→ Exercise description
Return the lines of the listing below exactly as they appear, beginning at the one with "Cowboy Hash Brown Skillet #baconfrittata" and stopping after the one with "winter-duluth-engagement-at-park-pointe-snow-aly-alex-33.jpg"; do not include pictures.

→ Records shown
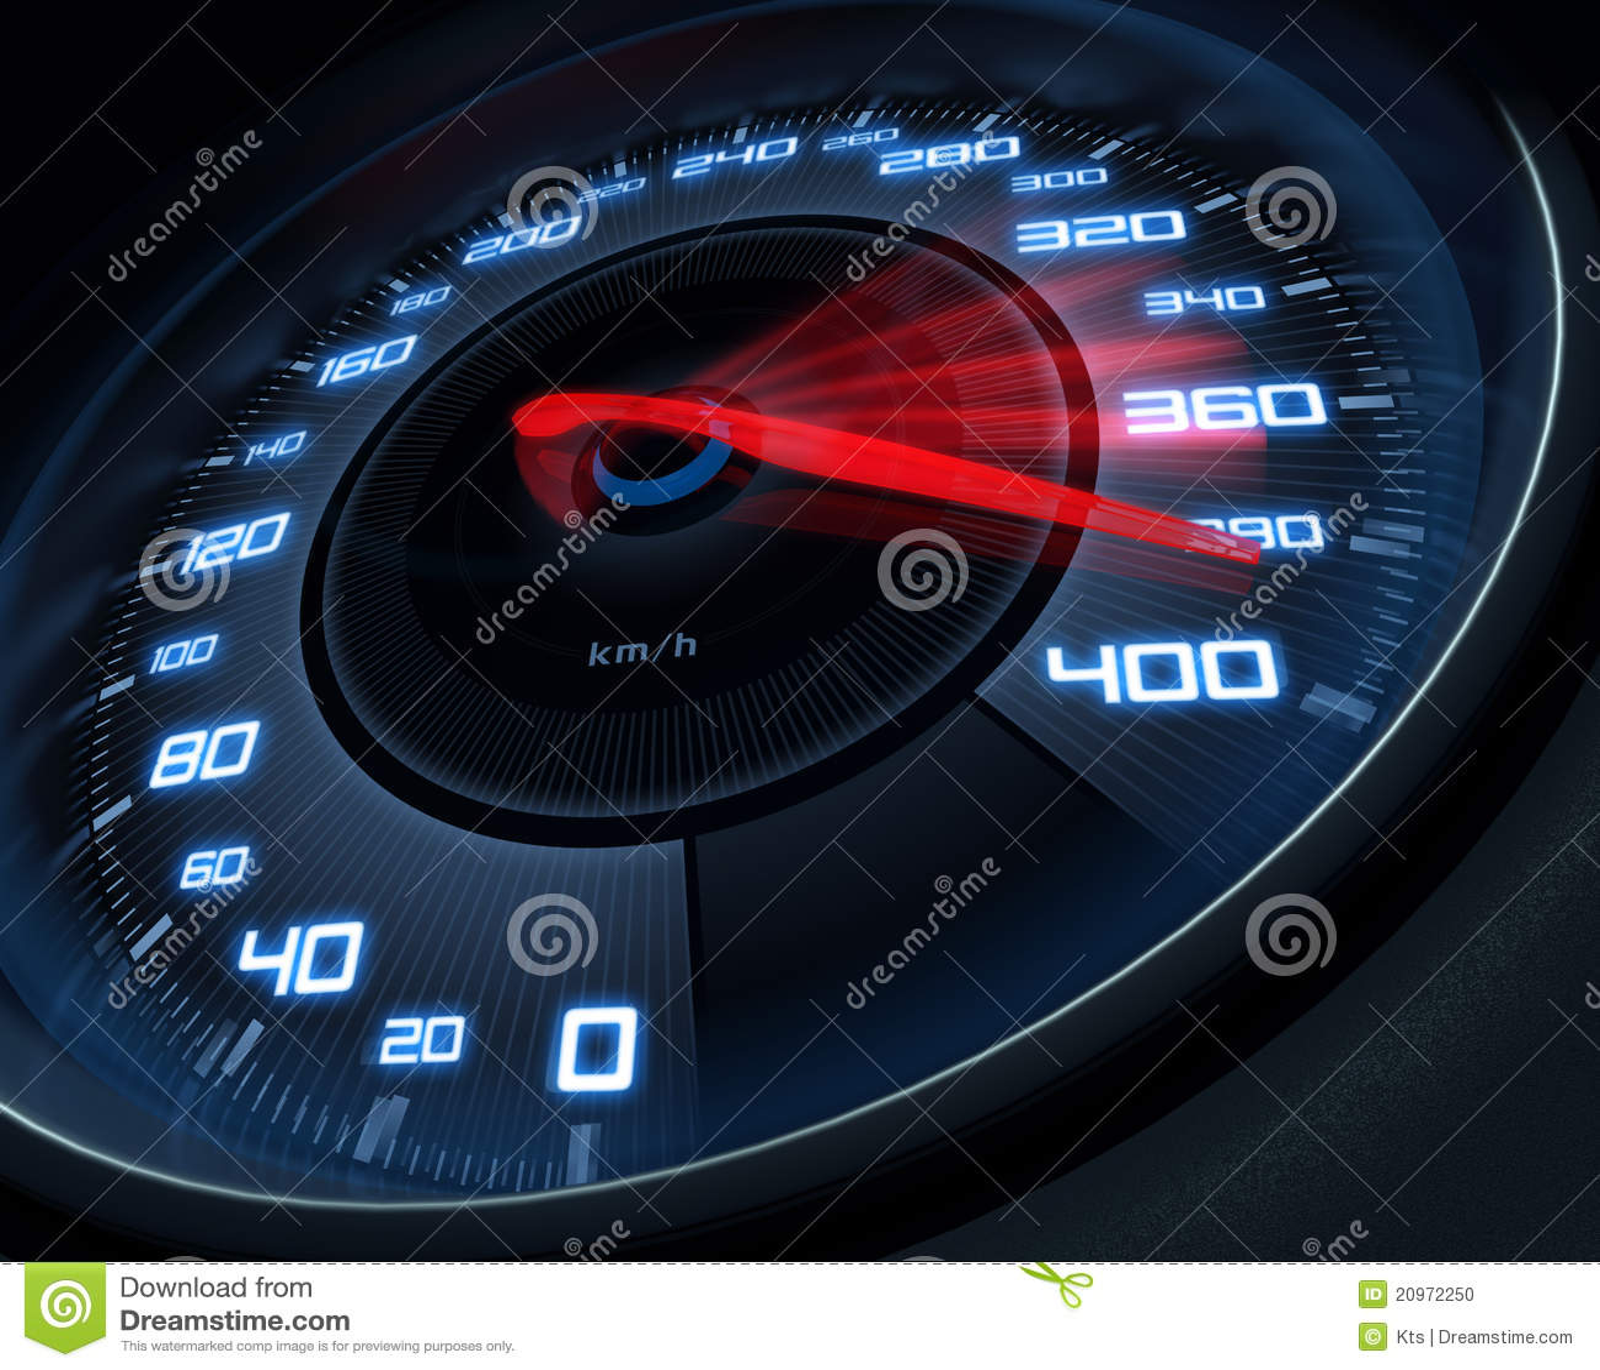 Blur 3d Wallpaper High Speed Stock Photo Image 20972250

==

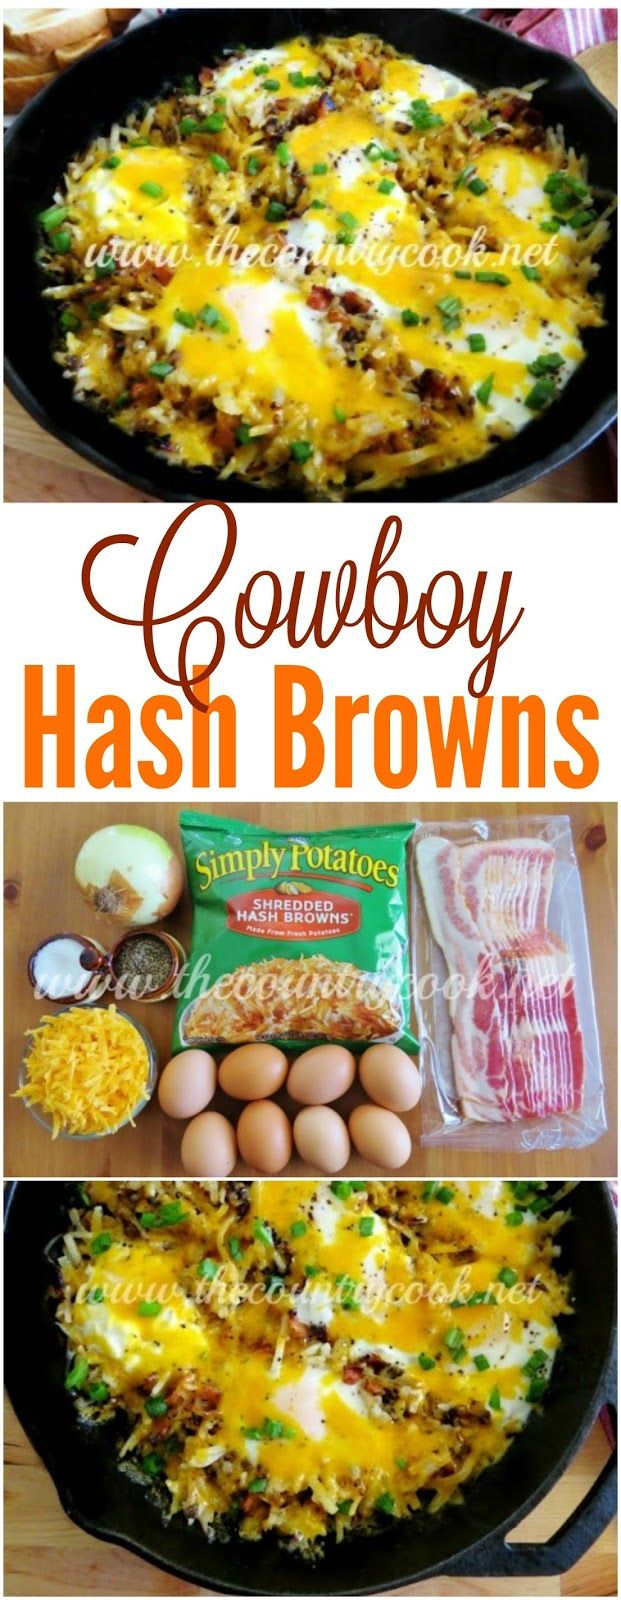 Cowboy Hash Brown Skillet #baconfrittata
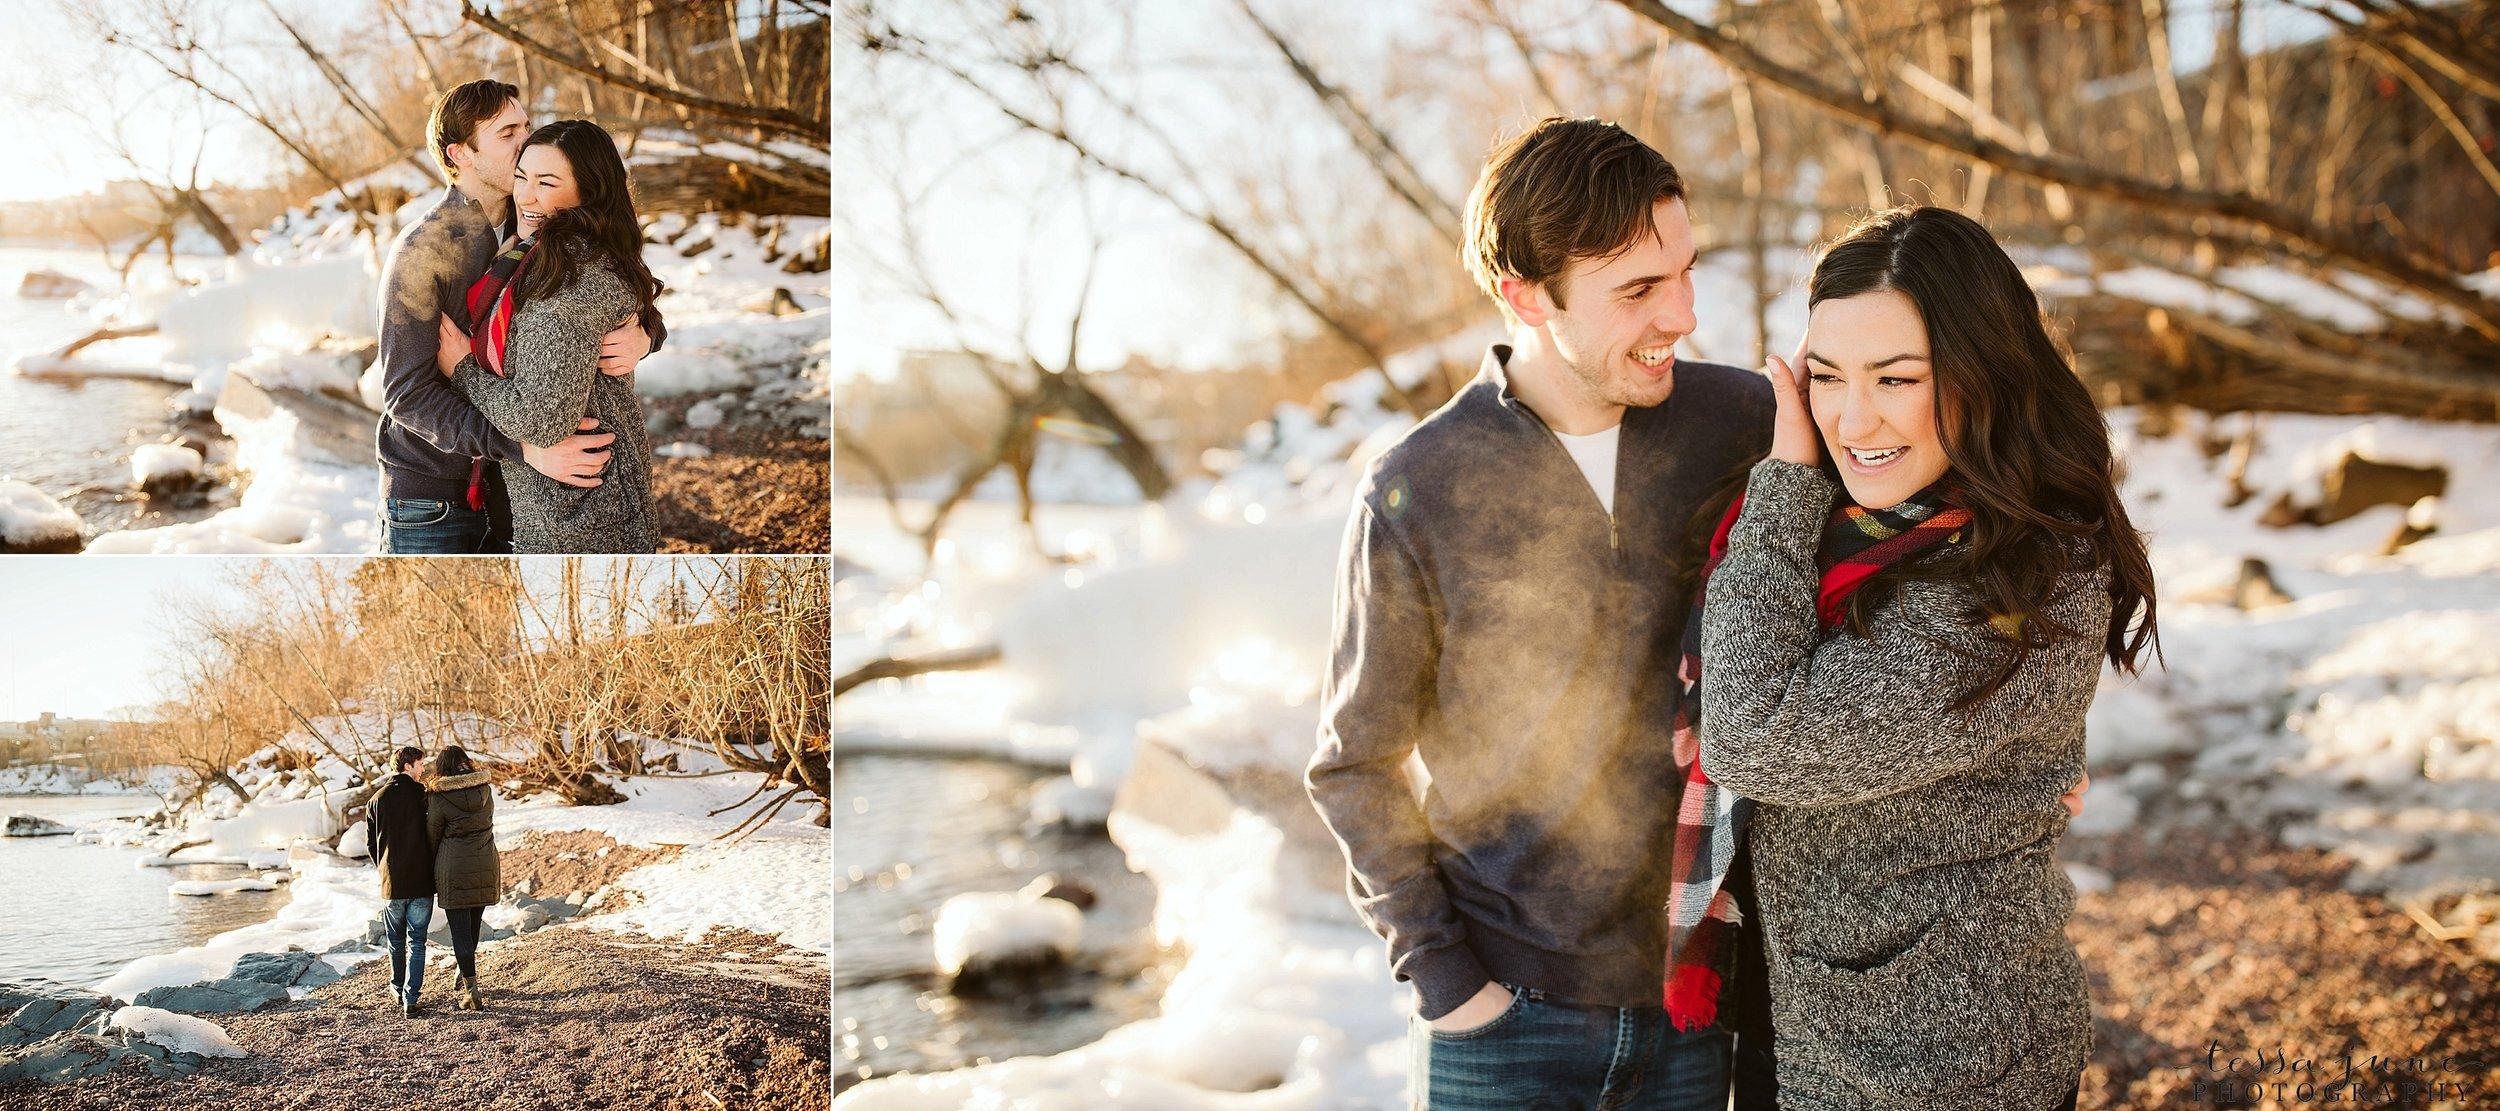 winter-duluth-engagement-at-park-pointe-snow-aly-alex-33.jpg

* * *

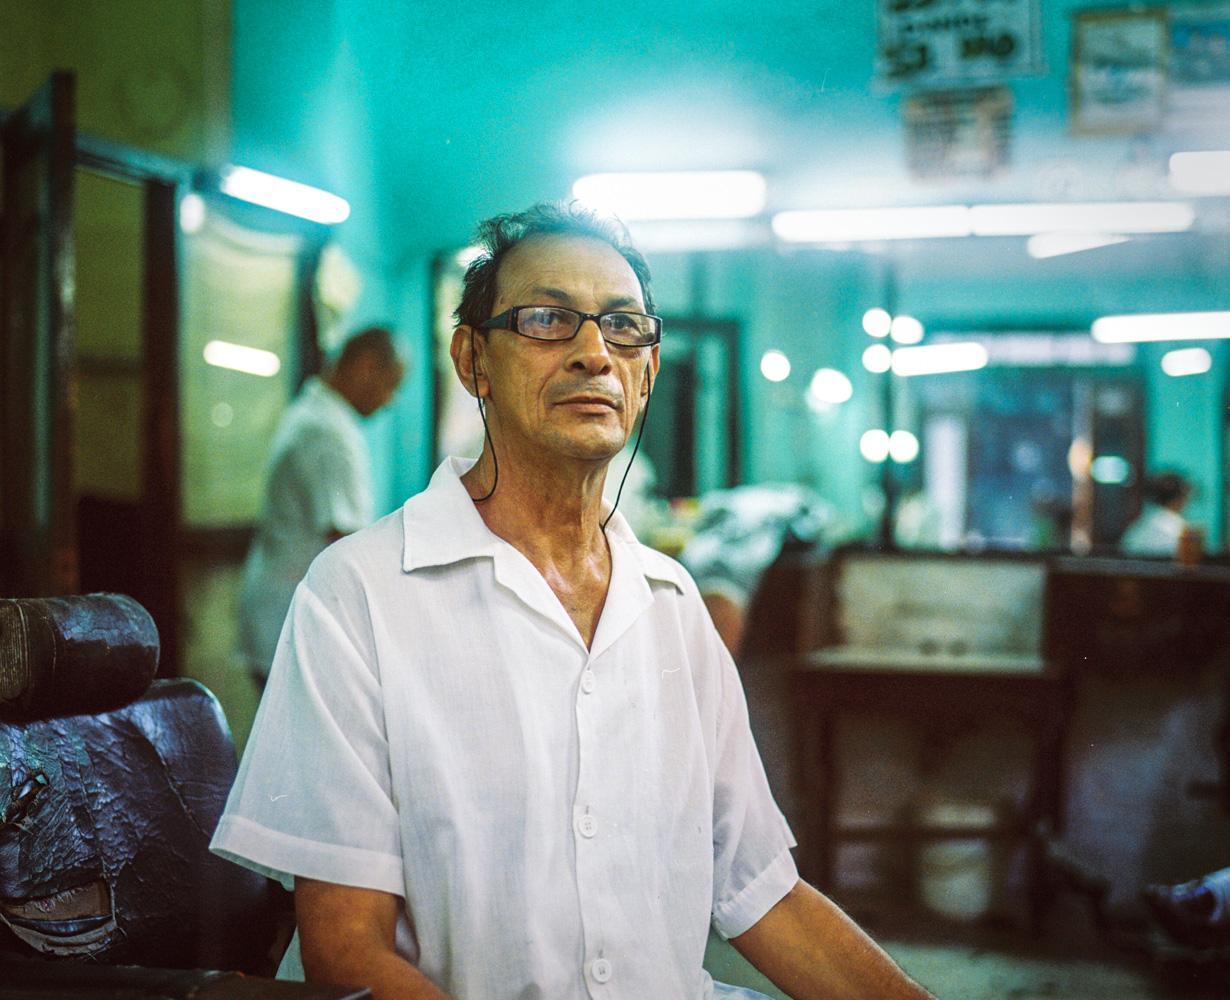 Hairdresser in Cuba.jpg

→ Reply to the exercise
 Cowboy Hash Brown Skillet #baconfrittata
 winter-duluth-engagement-at-park-pointe-snow-aly-alex-33.jpg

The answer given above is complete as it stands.